A bit different, more difficult and potentially disconcerting, is an engraving design. Ron’s rendering is five times the size of the ultimate stamp, which makes it quite small. After his artwork is approved, an engraver tries to match Ron’s rendition on the engraving plate.

This is where the designer hopes the engraver does an accurate job. With Ron’s presentation of Margaret Mit chell, author of Gone with the Wind, the engraver changed her mouth slightly, causing Mitchell to look more severe than Ron’s perception and drawing of her.

After Ron receives the call requesting a design, he follows a clear process. “I research the subject and doodle for about 2 weeks. In that time, I’ll come up with two or three pencil drawings I submit. The Citizens’ Stamp Advisory Committee decides which it likes, and then I take another week to complete my part with a final rendition. From there, it can take anywhere from four months to several years for a stamp to be issued.”

Two years ago, Ron completed a design, and was paid for his work. The stamp still has not been issued. According to Postal Service authorities, there’s often quite a lag time when the stamp is a large denomination, as Ron’s is, and they’re waiting for a specific event to occur.

The Arkansas River Valley isn’t a hot-bed of design and illustration activity.

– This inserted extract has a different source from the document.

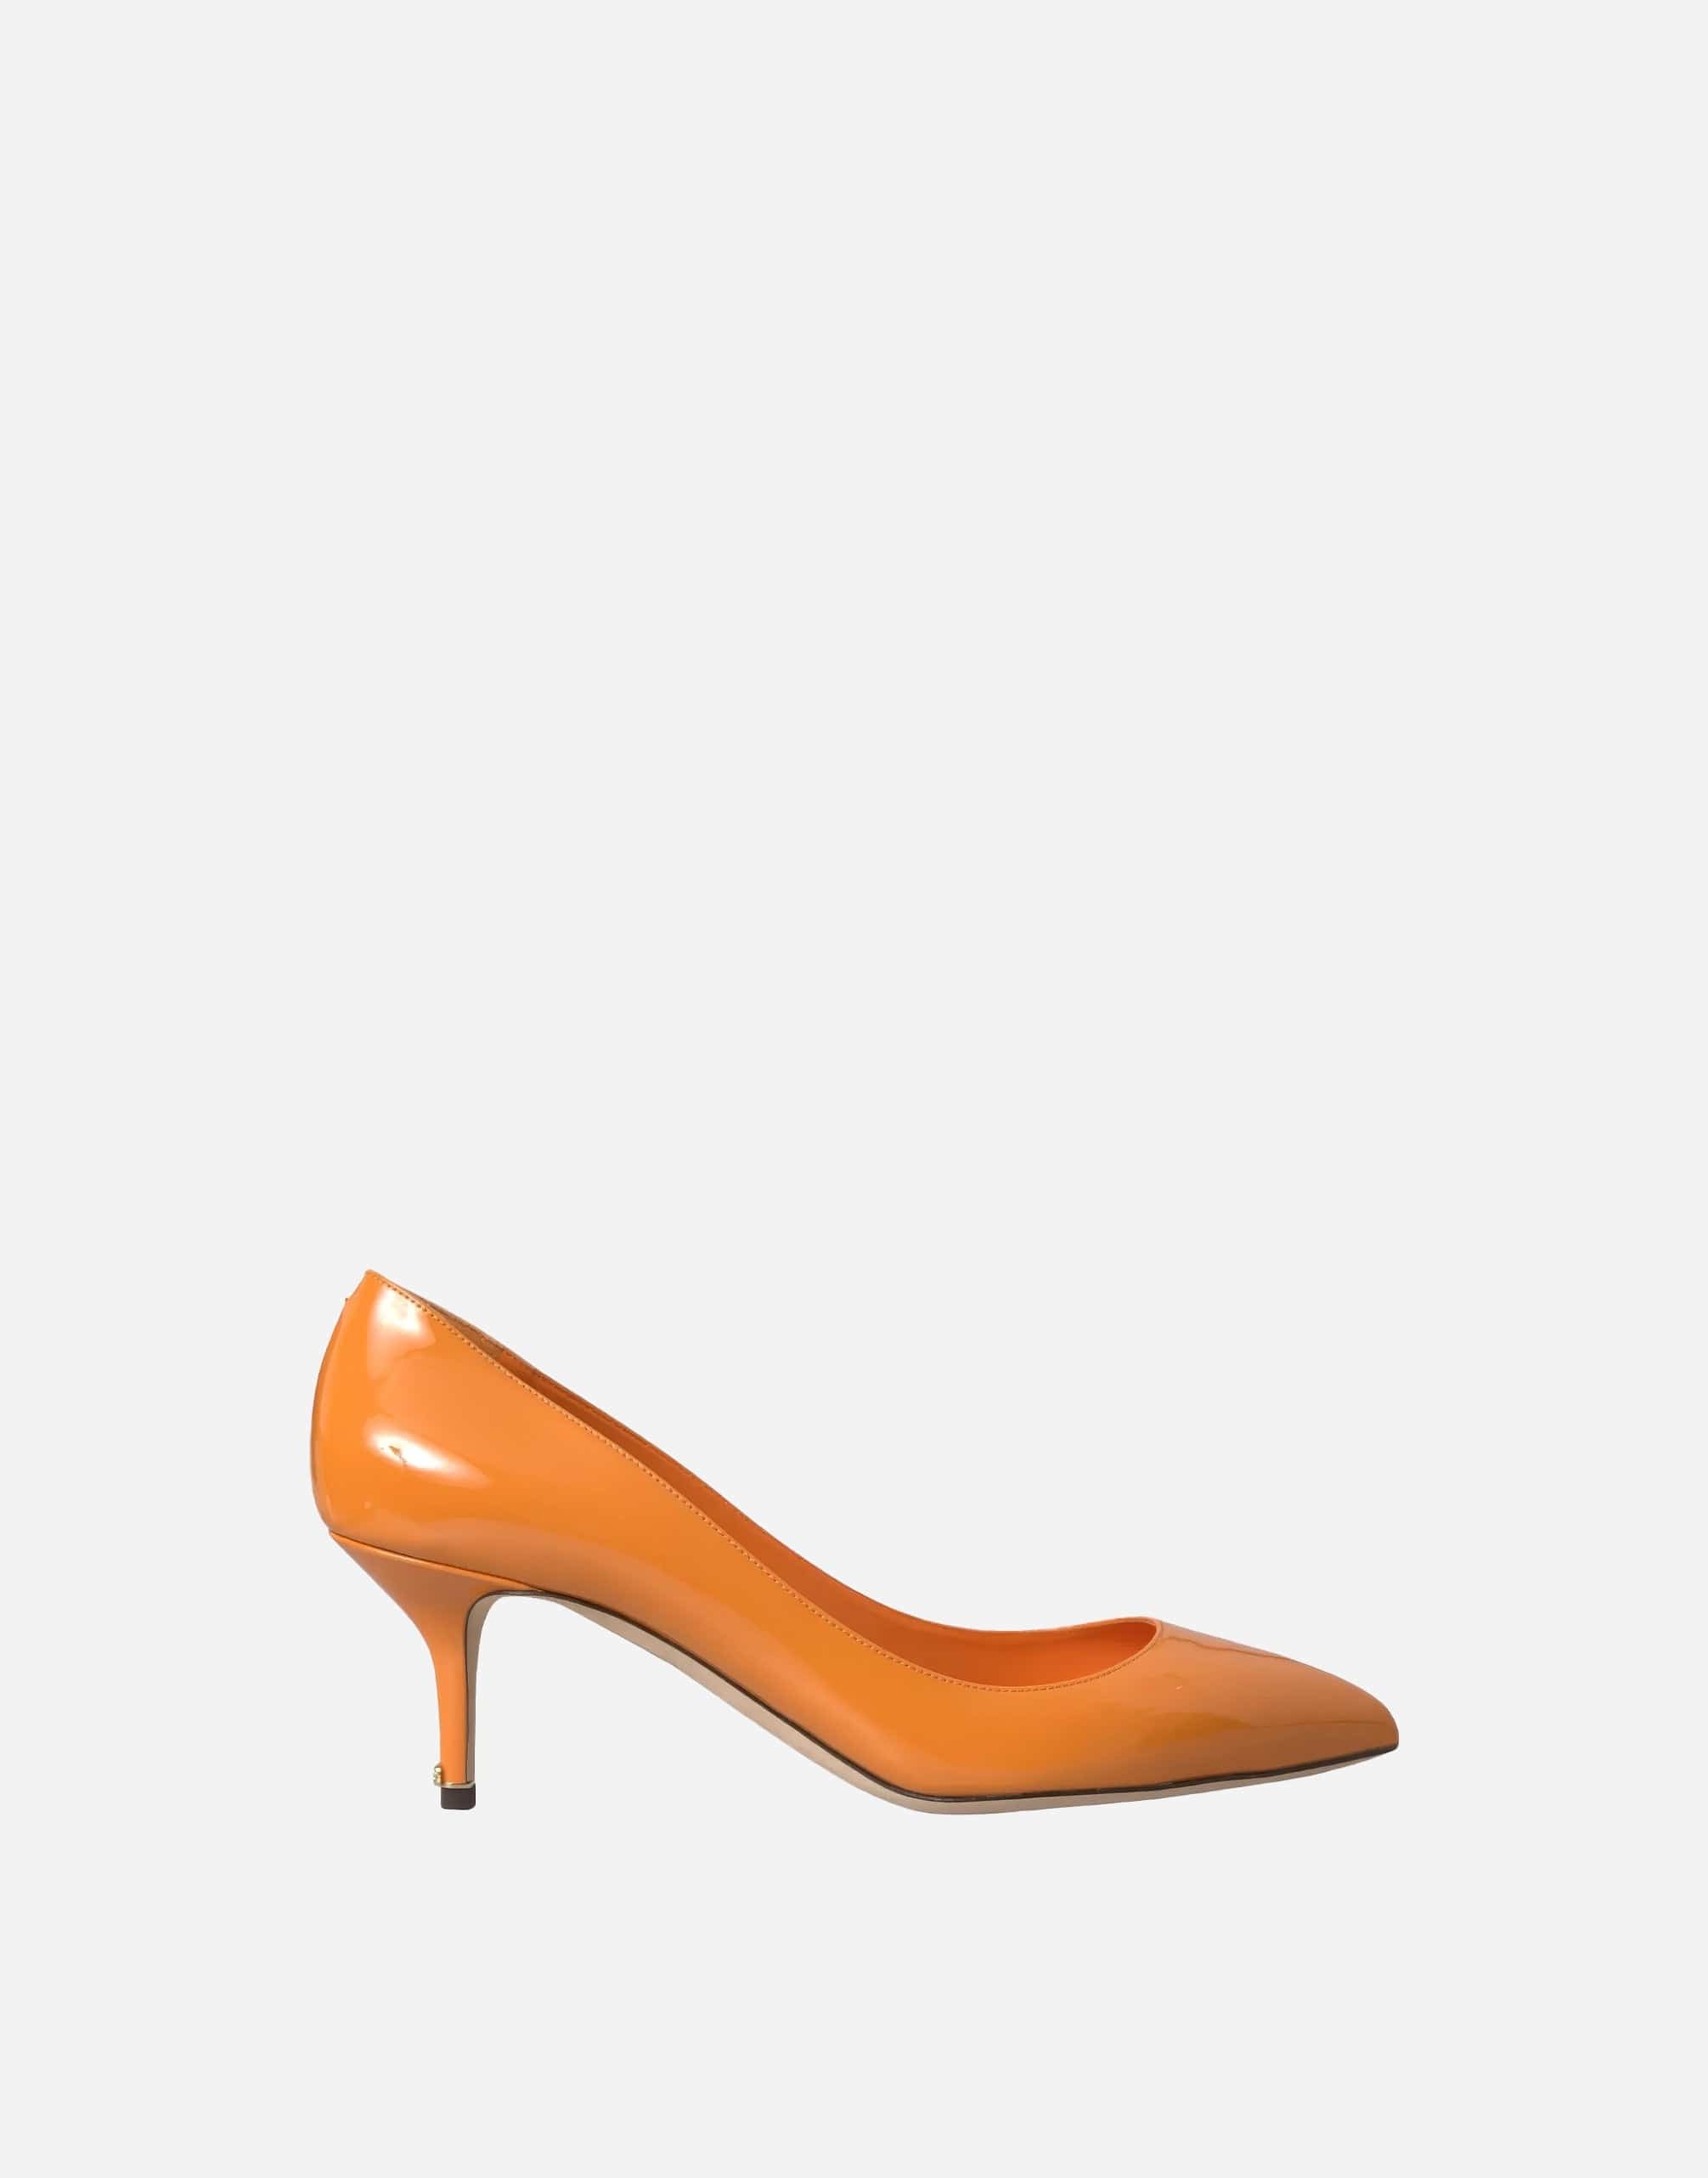 Dolce & Gabbana Orange Patent Leather Pumps

Ron supplements his stamp design with computer design for brochures and other business purposes, classes and private lessons, and special illustrations. Both twins find the latter of high interest, with sports situations a favorite. Ron particularly enjoys baseball and football, and has worked with the Texas Rangers and the Dallas Cowboys.

Ron’s favorite sports commission was the poster for the inauguration of Brooks Robinson into the Baseball Hall of Fame. He spent time with Robinson in Baltimore where the latter had played third base for that town’s Orioles. “That man can not just play baseball — he could have made it at anything. He really is a class act. ”

Don fondly remembers a recent joint commission for a collaborative effort. Each was asked to produce 100 paintings apiece, over a four-year period, to commemorate the 200-year philatelic history of the United States. “We just went down the list and took every other subject,” said Don. “I got Custer’s Last Stand. That led me to something I enjoy a great deal, the research. I go back and read my history books again, to determine, `Why was this important?’ It’s intriguing.”

Ron Adair received high marks from Vernon Rutherford, a local philatelist who has been collecting stamps for over 40 years. “It’s great to have him in the local area. He’s done some unique designs just for us, out of the goodness of his heart. He’s a special man.”

A local writer, Peter Burton focuses on items of general human interest. He has published in such diverse areas as psychology, management, four-wheel-drive exploration, spirituality, and cooking. He is currently working on his third book, and writing for the Mountain Independence in Lake George.